No projeto do complexo foi encomendada a construção de vários edifícios fabris a serem construídos junto ao vale estreito e cercado por morros, ladeando alguns edifícios remanescentes com características tradicionais da imigração alemã que datavam do final do século XIX. Estas eram apenas algumas das especificidades que envolveram o projeto que, além disso, deveria ser previsto em etapas, onde apenas alguns edifícios antigos permaneceriam no local, enquanto outros teriam apenas uma sobrevida, até que fossem substituídos pelos novos prédios.
Para os novos edifícios, Broos trouxe referências várias: a própria obra – como a Igreja de São Bonifácio em São Paulo, projeto imediatamente anterior ao da Hering e um dos primeiros quando estabelecido naquela cidade -, obras em que colaborou na Alemanha, no escritório de Egon Eiermann, além de outras deste arquiteto. O concreto foi utilizado como material predominante nos blocos, deixado aparente e utilizado como meio expressivo também, ao tirar partido das marcas impressas pelas formas de madeira. Os volumes bastante simples, em geral, lineares e características horizontalizantes, ostentam a marcação da estrutura em seu exterior, gerando uma modulação que reafirma um método projetual que tem na estrutura seu elemento definidor – mas não limitador – dos espaços.
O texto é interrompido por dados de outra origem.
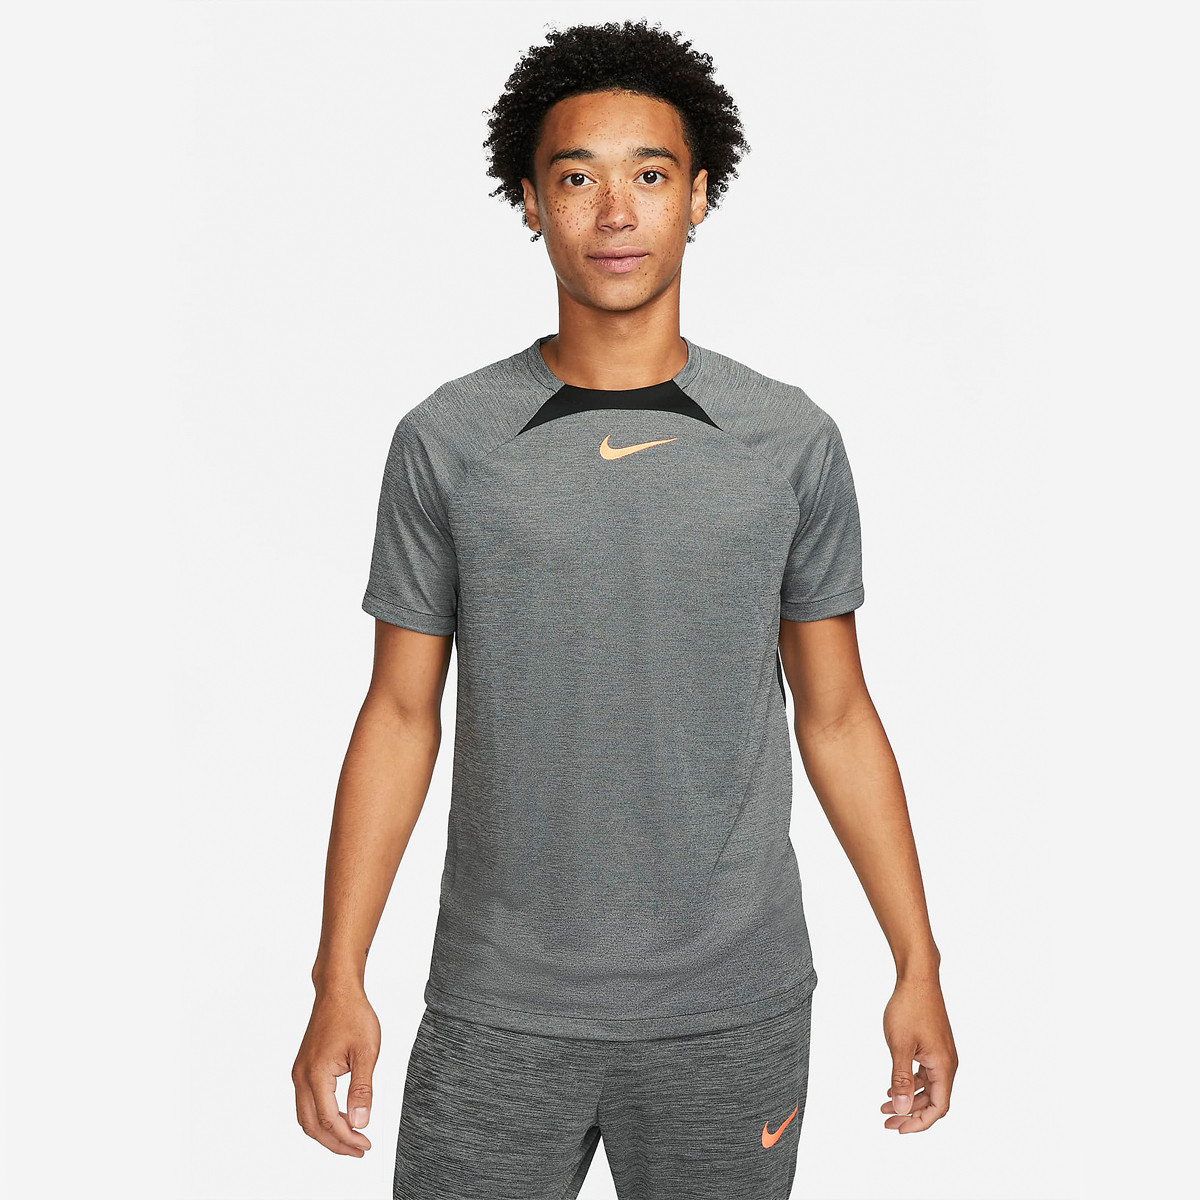 Nike Dri-Fit superset débardeur hommes noir

Também são externos os acessos, corredores e passarelas, por vezes, também com o uso de brise-soleil. As aberturas, sempre pontuais, bem marcadas e com formas nada casuais ou convencionais, conferem características inconfundíveis aos prédios simples. Nesse sentido, o arquiteto também tira proveito estético dos elementos técnicos, como as gárgulas, deixadas à mostra.
Arquitetura e paisagem natural
Num primeiro momento, o que é especialmente surpreendente neste projeto é a noção de conjunto que os edifícios assumem e sua integração à paisagem natural. Na Hering Matriz, obra natural e construída formam uma unidade viva, se complementam e diferenciam reciprocamente – as curvas sinuosas da paisagem e as duras linhas e a decidida presença dessa arquitetura, numa relação harmônica entre os prédios e destes com a natureza. Mesmo com seus traços geométricos, essa arquitetura se adequa ao entremeio dos morros, preenchendo os espaços vazios, se moldando a eles e dando-lhes vida, formando um tecido orgânico que se desenvolve naturalmente de acordo com as exigências funcionais do conjunto.
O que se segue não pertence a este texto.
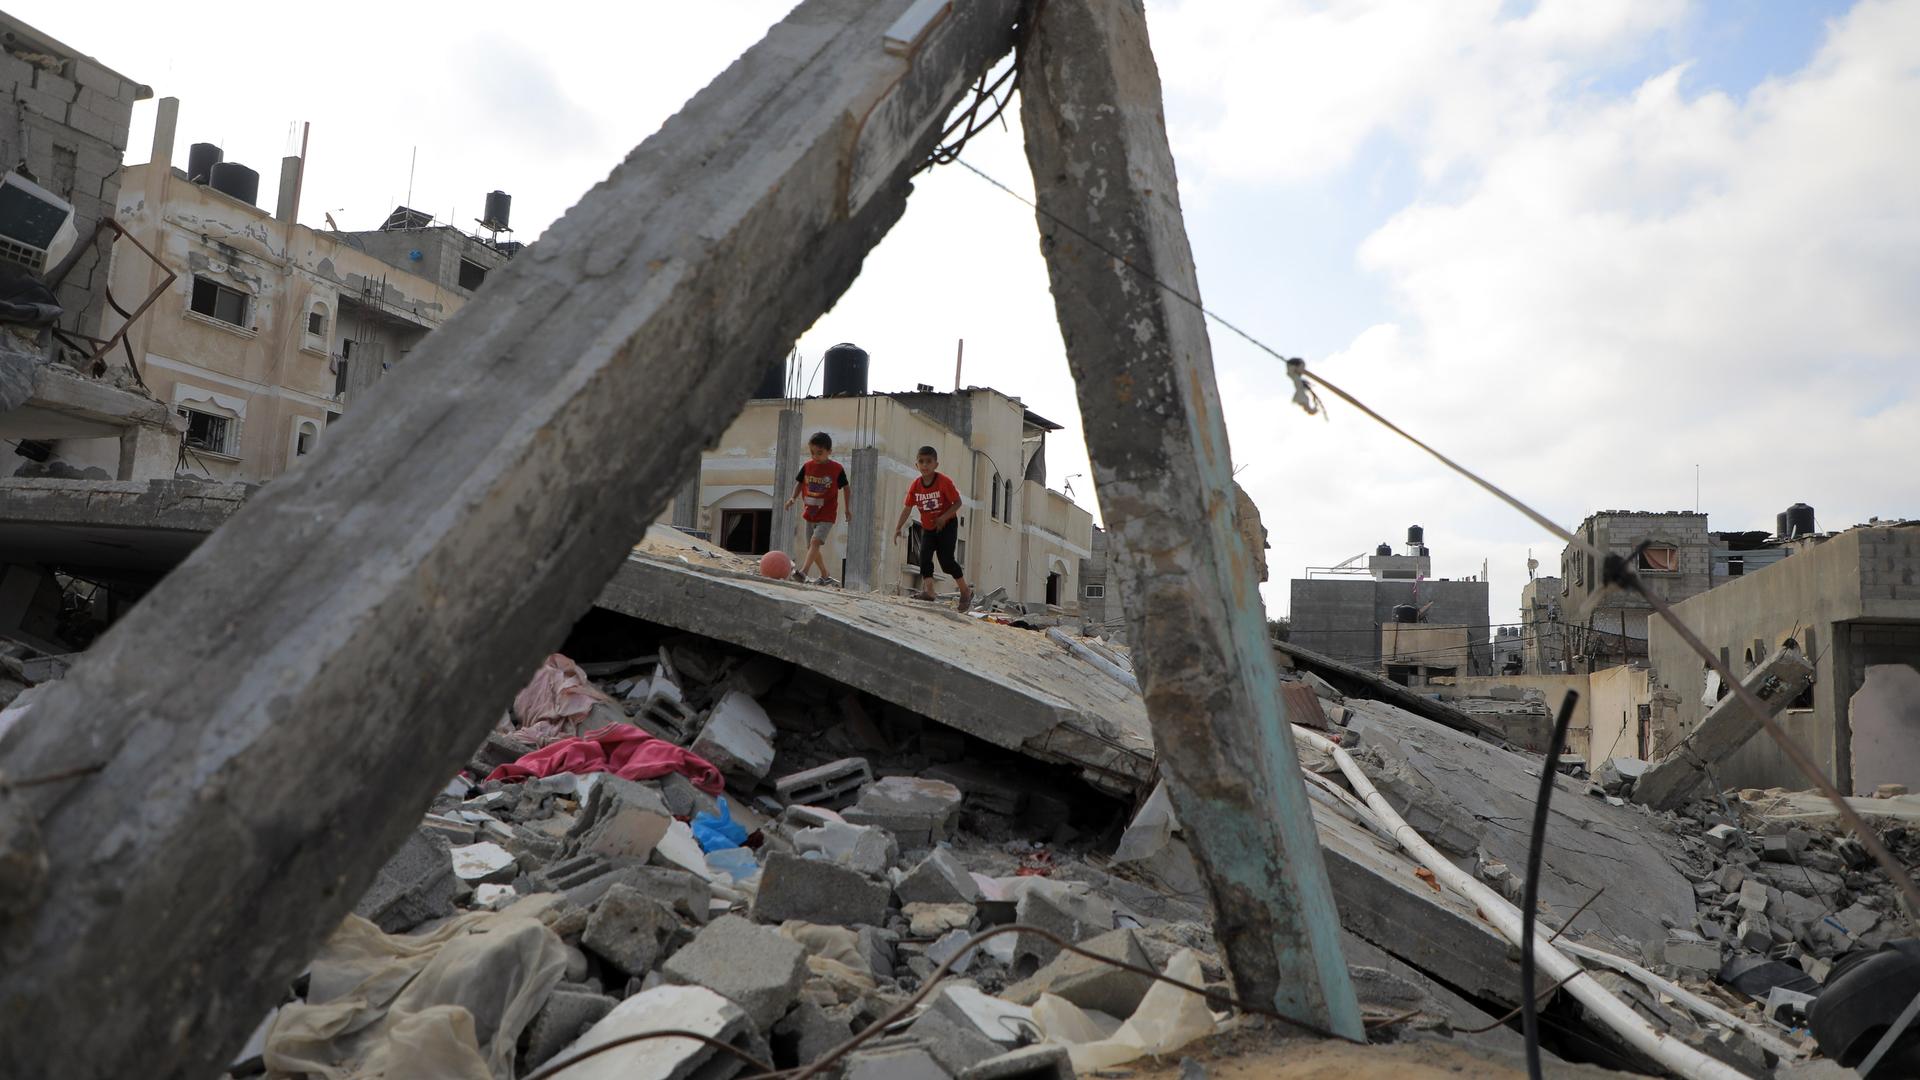 Kinder spielen auf den Trümmern von Haus. Das Bild ist aus der Stadt Rafah im Gaza-Streifen.

Broos concebe ali um local de vida, uma arquitetura que responde às demandas específicas, mas também ao existente amplo senso – materiais, cultura, o natural e o construído. O arquiteto cria um verdadeiro espaço urbano: ruas, passagens, por entre os jardins de Burle Marx, em que o valor não está concentrado em cada edifício, apesar da clara qualidade arquitetônica, mas no ambiente, no espaço “urbano” e coletivo que cria. A fábrica não se insere apenas, ela estrutura o espaço. Mais importante que as fachadas, são as relações volumétricas entre os edifícios e os espaços criados através da arquitetura, que tem na praça histórica, centro geográfico e coração do conjunto, um espaço coletivo de convivência e encontro.
O antigo e o novo
Na mesma praça histórica, o novo prédio da Costura, atual Administração, chama atenção pelas soluções que apresenta e nos convida a outras reflexões. Um exame destas proposições nos diz muito sobre o pensamento de seu autor.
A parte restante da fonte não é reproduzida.